### Problem description
Among the lines below, copy exactly those from the one with "Dormitor in stil" through the one with "Christian Dior 2341", counting both ends.

**** The data

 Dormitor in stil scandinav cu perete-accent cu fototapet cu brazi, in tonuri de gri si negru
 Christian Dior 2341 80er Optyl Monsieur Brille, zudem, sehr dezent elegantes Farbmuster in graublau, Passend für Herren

********
**** The data

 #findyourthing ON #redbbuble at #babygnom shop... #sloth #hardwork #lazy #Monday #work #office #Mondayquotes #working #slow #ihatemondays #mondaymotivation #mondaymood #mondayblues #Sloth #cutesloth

********
**** The data

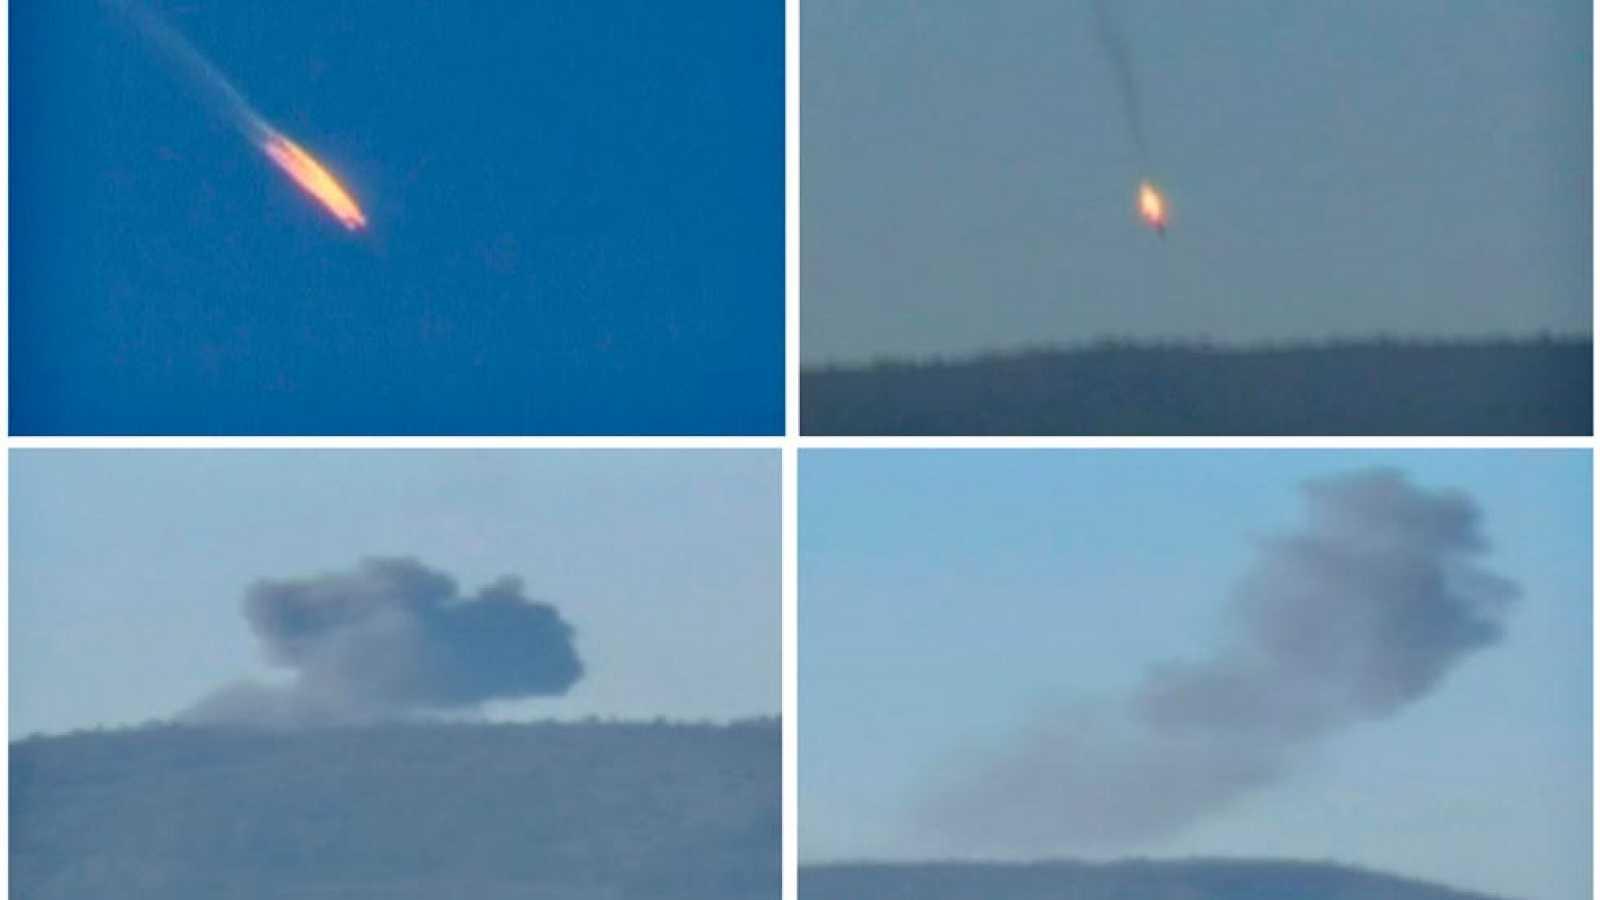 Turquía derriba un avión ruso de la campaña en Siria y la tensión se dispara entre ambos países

********

### The answer
 Dormitor in stil scandinav cu perete-accent cu fototapet cu brazi, in tonuri de gri si negru
 Christian Dior 2341 80er Optyl Monsieur Brille, zudem, sehr dezent elegantes Farbmuster in graublau, Passend für Herren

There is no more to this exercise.